### What is being asked
Which lines in the records below contain the word "have"? Report each of them.

### Supplied material

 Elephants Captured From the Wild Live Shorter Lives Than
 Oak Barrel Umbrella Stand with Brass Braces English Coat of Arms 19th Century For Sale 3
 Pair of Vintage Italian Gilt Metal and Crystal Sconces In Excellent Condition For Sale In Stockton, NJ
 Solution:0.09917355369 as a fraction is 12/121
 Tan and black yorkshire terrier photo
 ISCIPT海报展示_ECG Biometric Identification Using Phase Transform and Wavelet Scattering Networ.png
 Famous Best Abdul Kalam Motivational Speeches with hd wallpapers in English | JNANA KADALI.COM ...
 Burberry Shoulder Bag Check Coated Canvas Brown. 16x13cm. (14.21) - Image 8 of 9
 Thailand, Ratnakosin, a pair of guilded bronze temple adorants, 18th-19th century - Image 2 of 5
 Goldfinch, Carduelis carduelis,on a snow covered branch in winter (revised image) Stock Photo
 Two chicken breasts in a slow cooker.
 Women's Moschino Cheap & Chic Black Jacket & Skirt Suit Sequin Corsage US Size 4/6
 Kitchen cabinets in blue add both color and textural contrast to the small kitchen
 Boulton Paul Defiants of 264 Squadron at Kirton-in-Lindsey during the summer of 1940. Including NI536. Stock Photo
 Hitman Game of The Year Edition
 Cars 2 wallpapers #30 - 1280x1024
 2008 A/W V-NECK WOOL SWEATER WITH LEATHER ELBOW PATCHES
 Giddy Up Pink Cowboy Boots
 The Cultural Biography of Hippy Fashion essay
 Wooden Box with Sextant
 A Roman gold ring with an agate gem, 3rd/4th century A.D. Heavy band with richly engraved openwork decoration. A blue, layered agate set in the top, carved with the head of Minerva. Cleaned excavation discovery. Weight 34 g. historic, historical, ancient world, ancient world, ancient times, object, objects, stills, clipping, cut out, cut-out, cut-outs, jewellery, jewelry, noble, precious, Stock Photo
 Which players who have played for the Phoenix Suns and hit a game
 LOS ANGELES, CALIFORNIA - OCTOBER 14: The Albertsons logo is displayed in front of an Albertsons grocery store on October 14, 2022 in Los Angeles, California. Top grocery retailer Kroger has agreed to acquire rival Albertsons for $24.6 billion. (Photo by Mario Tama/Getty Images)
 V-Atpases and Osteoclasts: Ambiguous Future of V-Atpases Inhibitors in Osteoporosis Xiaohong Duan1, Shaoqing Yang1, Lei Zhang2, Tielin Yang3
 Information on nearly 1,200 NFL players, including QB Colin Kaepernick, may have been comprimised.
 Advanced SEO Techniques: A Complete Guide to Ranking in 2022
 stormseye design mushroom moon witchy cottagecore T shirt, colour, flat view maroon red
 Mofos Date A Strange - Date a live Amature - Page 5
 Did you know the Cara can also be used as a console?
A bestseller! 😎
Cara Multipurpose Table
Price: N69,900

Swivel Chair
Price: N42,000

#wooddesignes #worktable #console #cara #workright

### Output below
 Which players who have played for the Phoenix Suns and hit a game
 Information on nearly 1,200 NFL players, including QB Colin Kaepernick, may have been comprimised.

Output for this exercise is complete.